A vintage advertisement for Buitoni gluten spaghetti displayed on a tall vertical sign in a cityscape, likely New York. The sign reads "Eat and stay SLIM," "BUITONI GLUTEN SPAGHETTI," "NON-FATTENING," and "World's Oldest Brand." Below, it invites to "TRY IT AT BUITONI SPAGHETTI BAR." The building below the sign has "BUITONI" and "BUITONI SPAGHETTI" signage.
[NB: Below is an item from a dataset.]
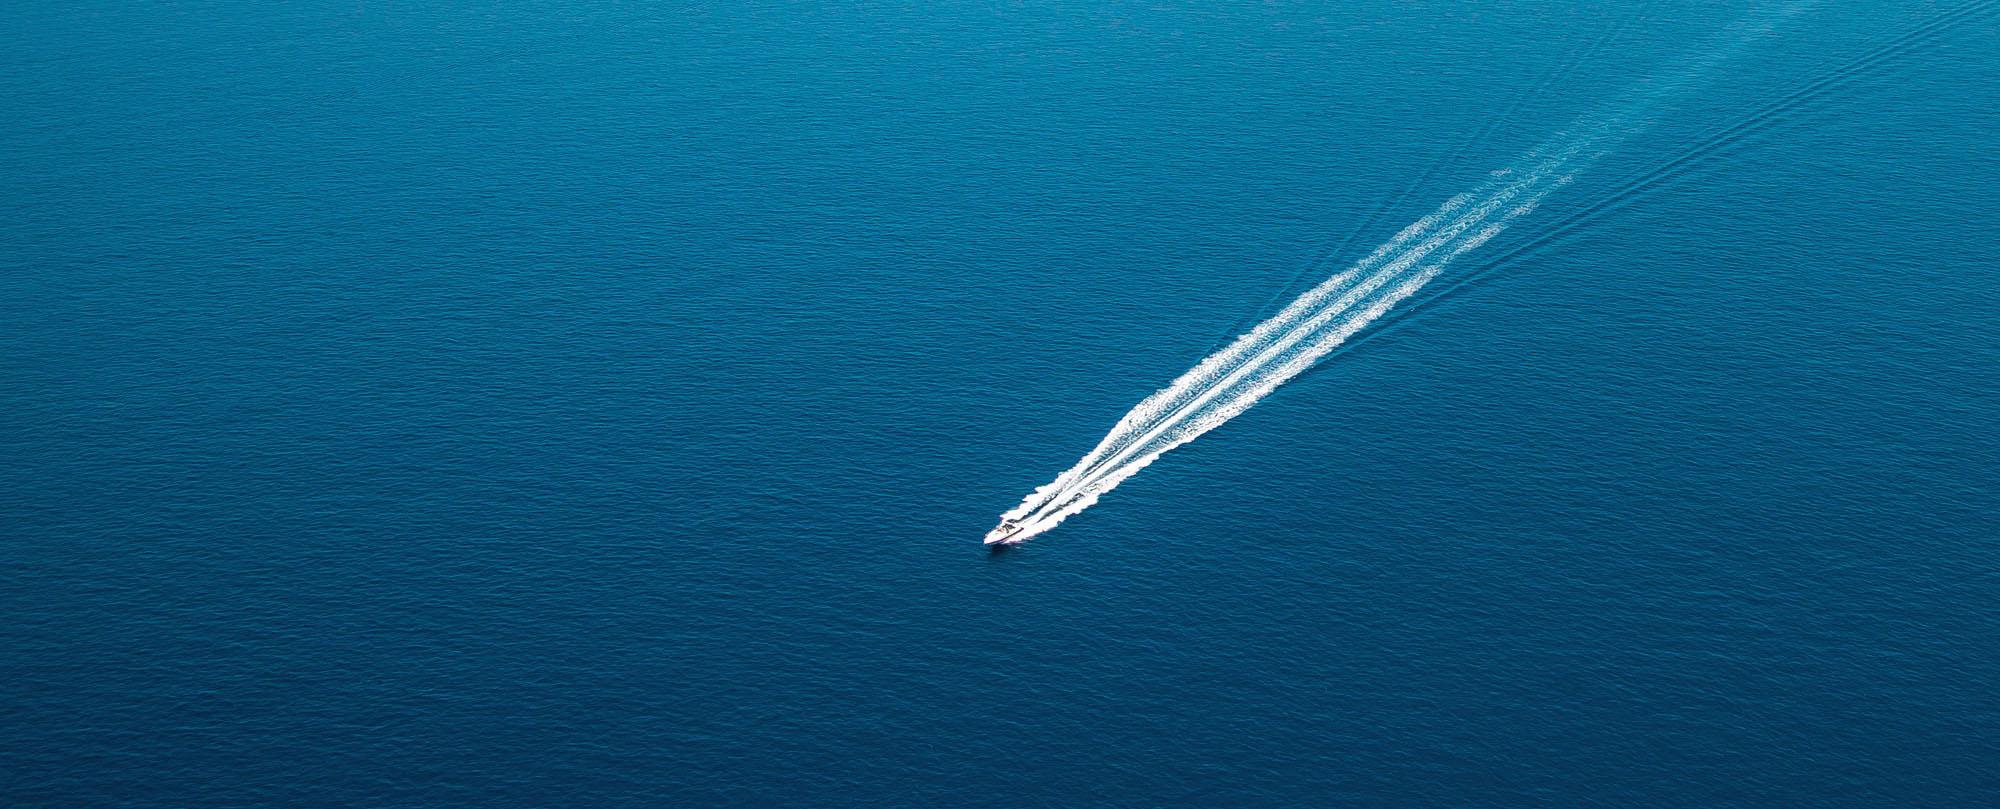 boat navigating the ocean, representing Lunavi

The caption at the bottom states, "The Famous Buitoni Restaurant in the Heart of New York.

A vintage postcard of Buitoni Spaghetti Bar in Times Square from around 1943. / Public domain

Designer Taniya Nayak, a TV personality and Boston native who has been regularly collaborating with Tuscan Brands since the 2020 opening of Tuscan Sea Grill in Newburyport, is working on Buitoni Spaghetti Bar as well. “Our design team and Taniya are really licking our chops to get our teeth into this space,” says Joe, with the intention of creating “a really fun, retro interpretation of a time gone by.” The color palette will be a classic Italian combo—lots of greens, deep reds, and white. The long bar, which will remain along the left wall as you look into the space, as it was at Eastern Standard and Blue Ribbon Brasserie, will be a focal point. The bar area will have high-tops and, hopefully, two or three people deep at the bar during peak and late-night hours, says Max. Adds Joe: “The bar scene is going to be such a vibe.”
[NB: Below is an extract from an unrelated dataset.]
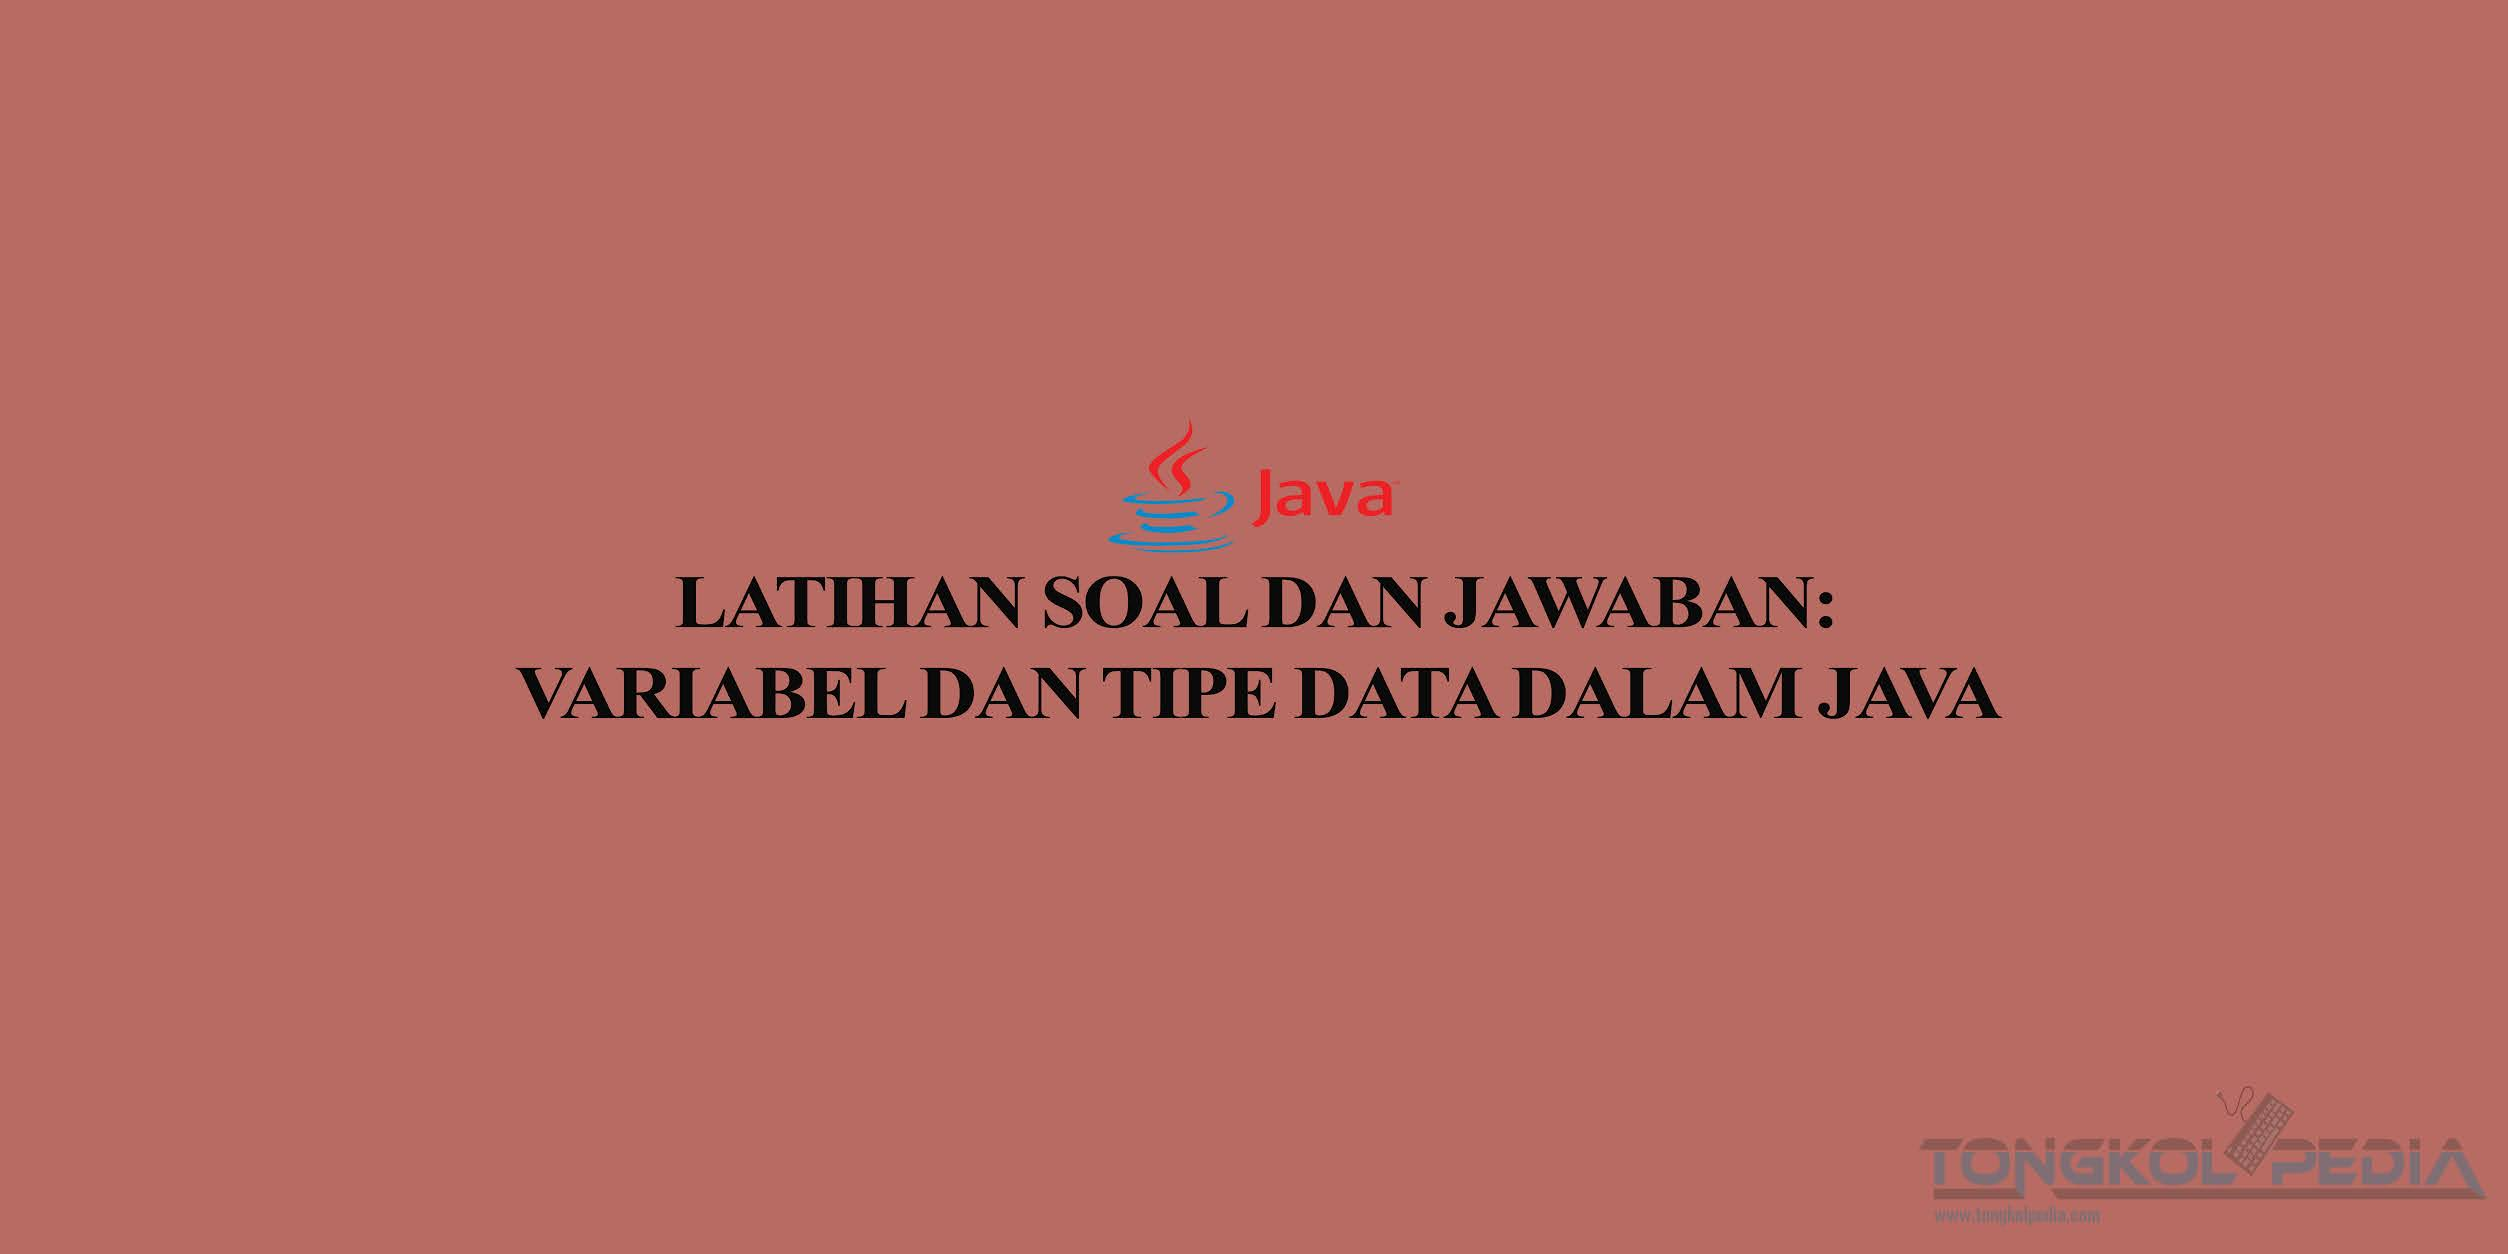 Latihan Soal dan Jawaban: Variabel dan Tipe Data Dalam Java

“I love Kenmore Square, and we love this spot,” says Joe. “It’s such an iconic space, and one I’ve been chasing for a long time—we were in the running when Eastern Standard closed. [The developers] went in another direction, which we respect, but I said, ‘If you ever need us, we’re here.’” Some Bostonians felt a little salty that New Yorkers took over the beloved Eastern Standard space—and opened a similar brasserie concept, to boot—but Blue Ribbon Brasserie, a respected brand since its 1992 debut in New York, did earn solid reviews during its short span in Boston. (Eastern Standard, for its part, thankfully reopened nearby.) Ultimately, Blue Ribbon Brasserie closed here after about two years in business, so the space hit the market again. This time, the New Hampshire-born Tuscan Brands got it.

So when Buitoni Spaghetti Bar opens next spring, it’ll be a double dose of nostalgia. There’ll be echoes of the original Eastern Standard in the hopefully boisterous game days and late-night service. But with vintage vibes, it’ll also harken further back to the Times Square of the 1940s and 1950s and the fresh-pasta-filled original Buitoni Spaghetti Bar. “We’re excited to bring a pulse back into the area,” says Joe, “and honored to be in a historic part of Boston.”

528 Commonwealth Ave., Kenmore Square, Boston, tuscanbrands.com.